Ich habe mir im IR einen Banner mit jeder Menge Bilder erstellt. Jedes Bild liegt auf einer eigenen Ebene. Nun soll zu jedem Bild ein Text erscheinen. 
Aber, beginne ich mit dem ersten Frame und schreibe dort meinen Text rein, erscheint der auf allen anderen Frames. Wie kann ich das verhindern?

mfg, Richard


----------



## Sebastian Wramba (19. September 2004)

Den Text auf eine extra Ebene und diese Ebene in allen folgenden Frames ausblenden.


----------



## Banditxxy (20. September 2004)

Also eine neue Ebene erstellen? Text erstellen und per Drag and Drop rüberziehen?


----------



## ShadowMan (20. September 2004)

Jepp!

Du blendest ja die Bilder einzeln ein und aus. Das Selbe machst du mit deiner Textebene. Alternativ kannst du deine Bilder auch direkt mit einem Schriftzug versehen indem du den Text über dem Bild anordnest, die Textebene anwählst und Strg-E drückst.

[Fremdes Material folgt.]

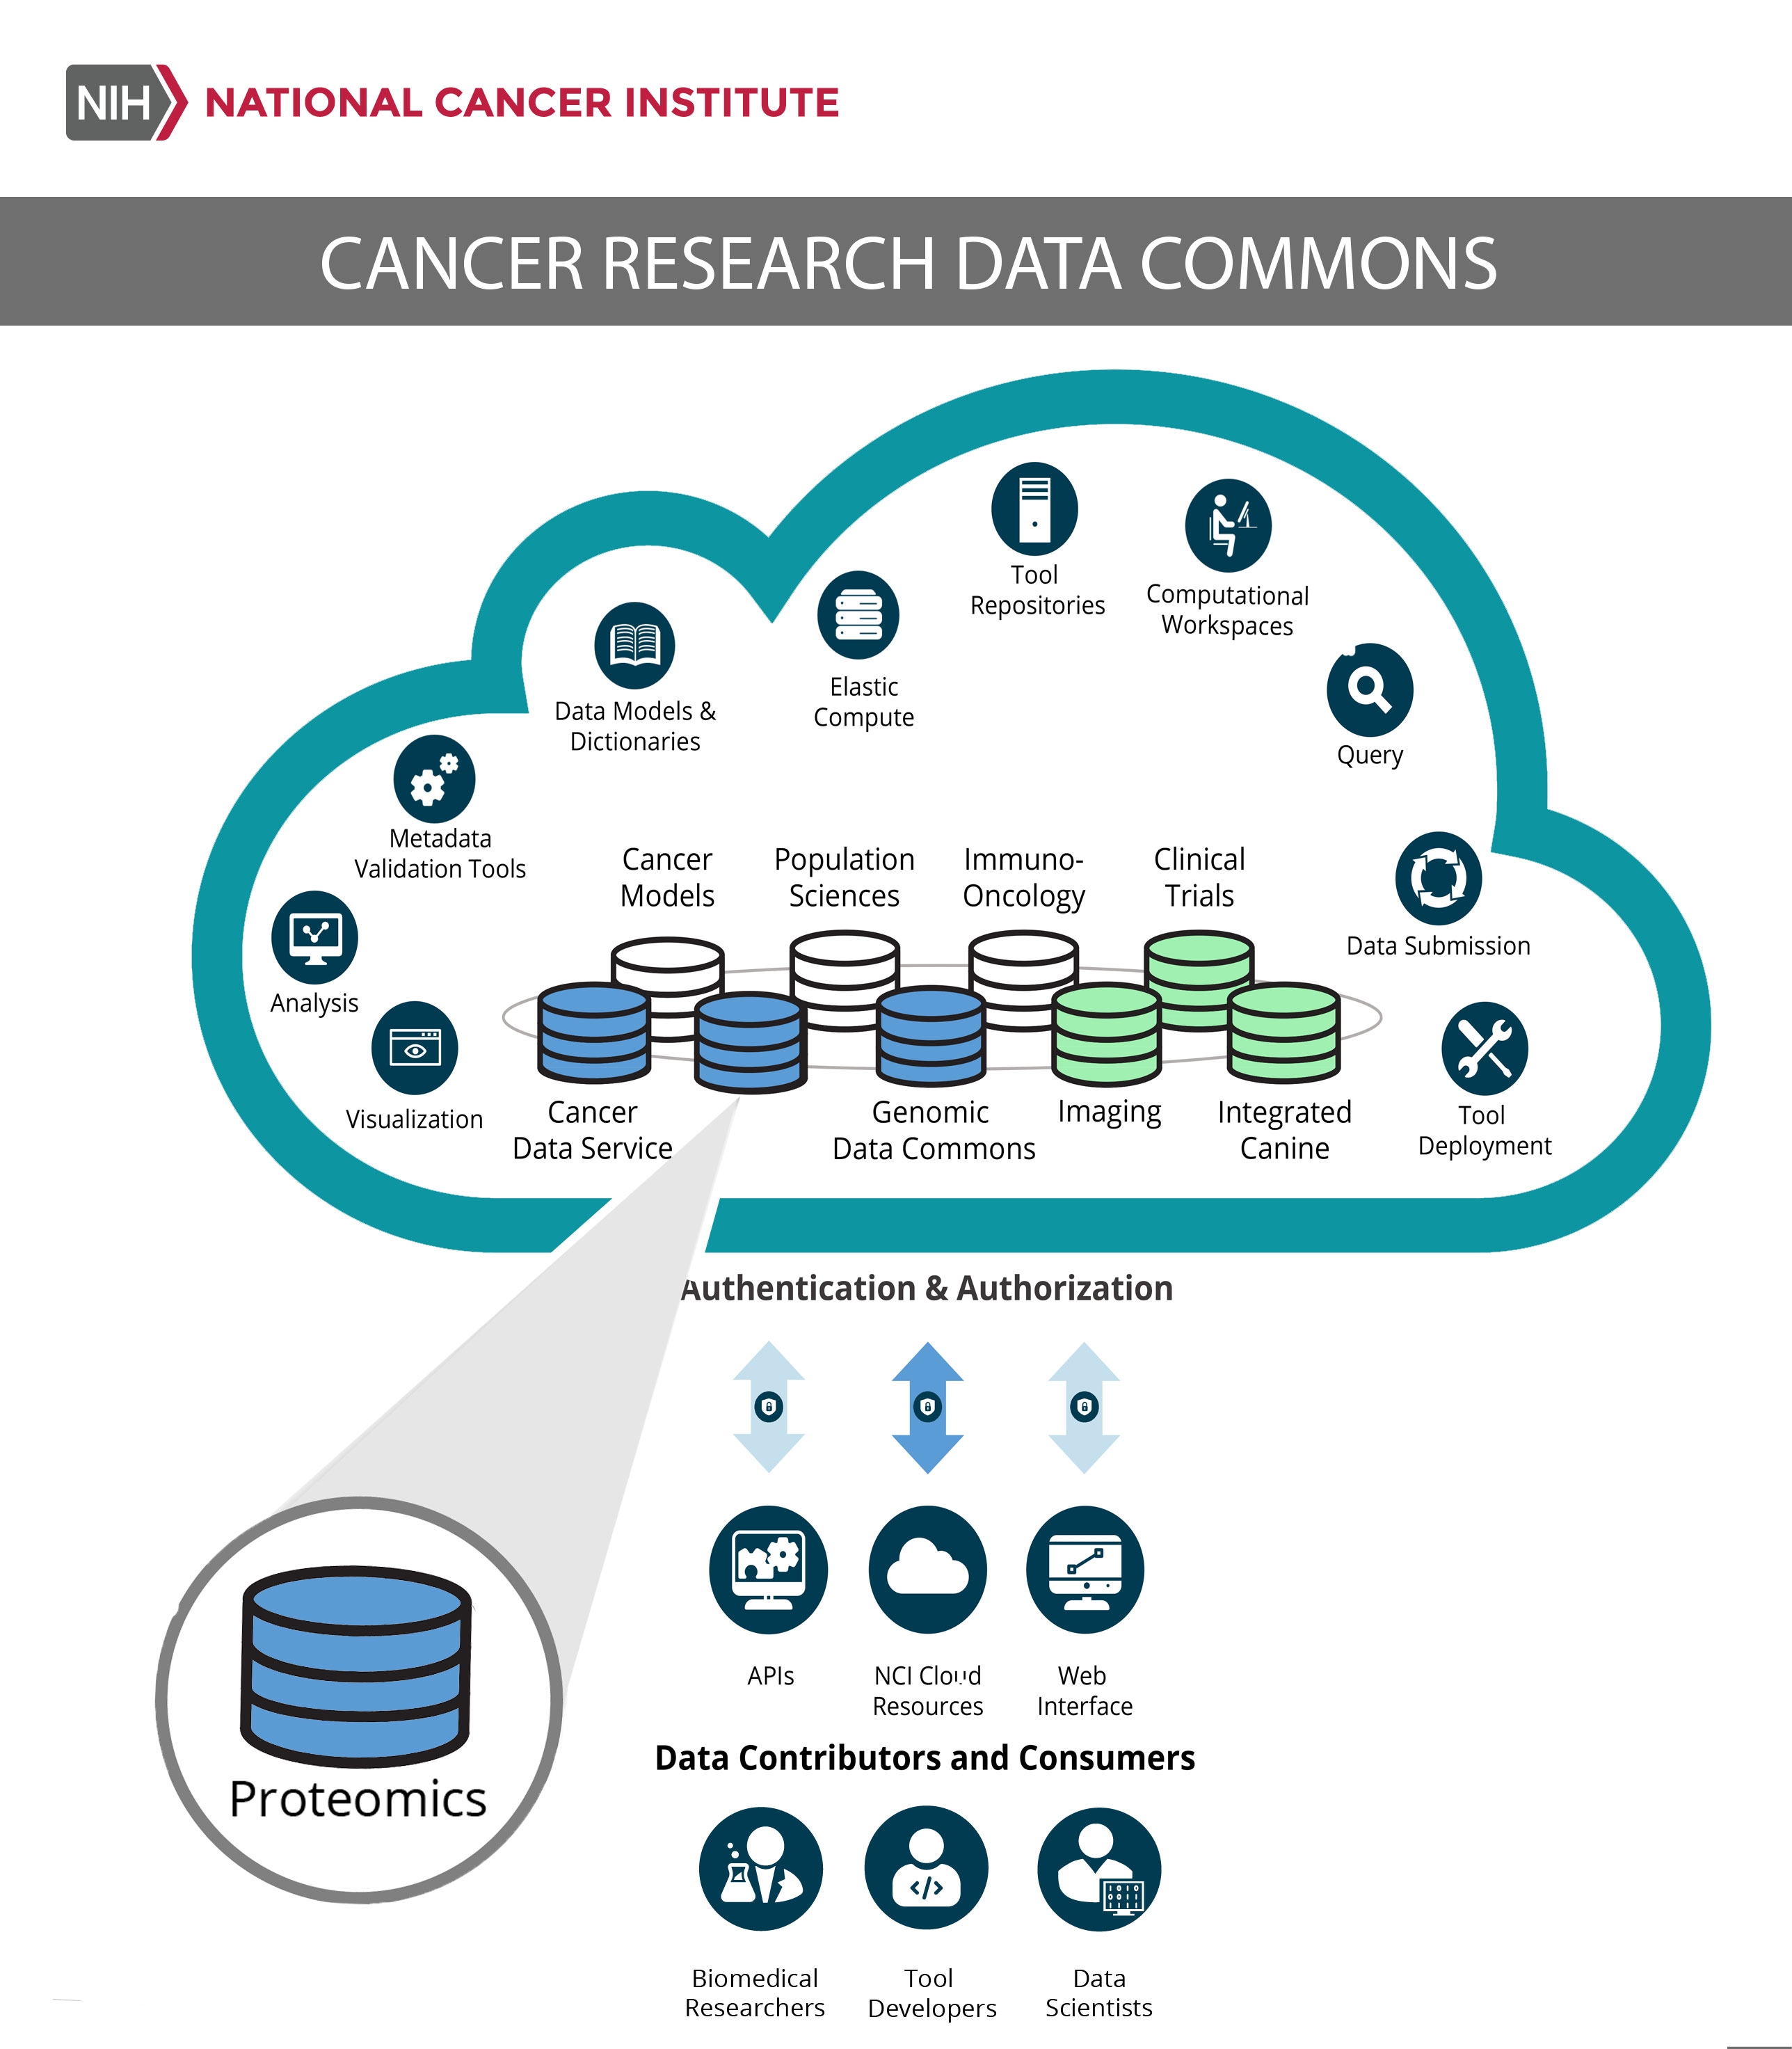 The NCI Cancer Research Data Commons (CRDC) provides biomedical researchers, tool developers, and data scientists with access to data from NCI programs through the nodes like the Proteomics Data Commons. The CRDC allows users to analyze, share, and store results, and is growing to include a wider range of data, including proteomics, imaging, and canine.

So werden beide Ebenen zusammengefügt und du musst in IR nur noch die Bildebene ein- und ausblenden.

Lieben Gruß,
Manuel ;-]


----------



## Banditxxy (20. September 2004)

Hi Manuel,

da war ich wohl auf der Richtigen Fährte. Es ist nur nervig, wenn man bei über 50 zig Bildern, den jeweiligen Text ein und ausblenden muss. Wenn ich also im ersten Bild einen Text einfüge, schreibt sich der selbe Text in die übrigen Ebenen ein. Gibt es keine Möglichkeit in PS zb. das man "sagen kann" ...... Text nur in Frame 1 oder 2 oder 3?


mfg, Richard

Voss-Shop.de


----------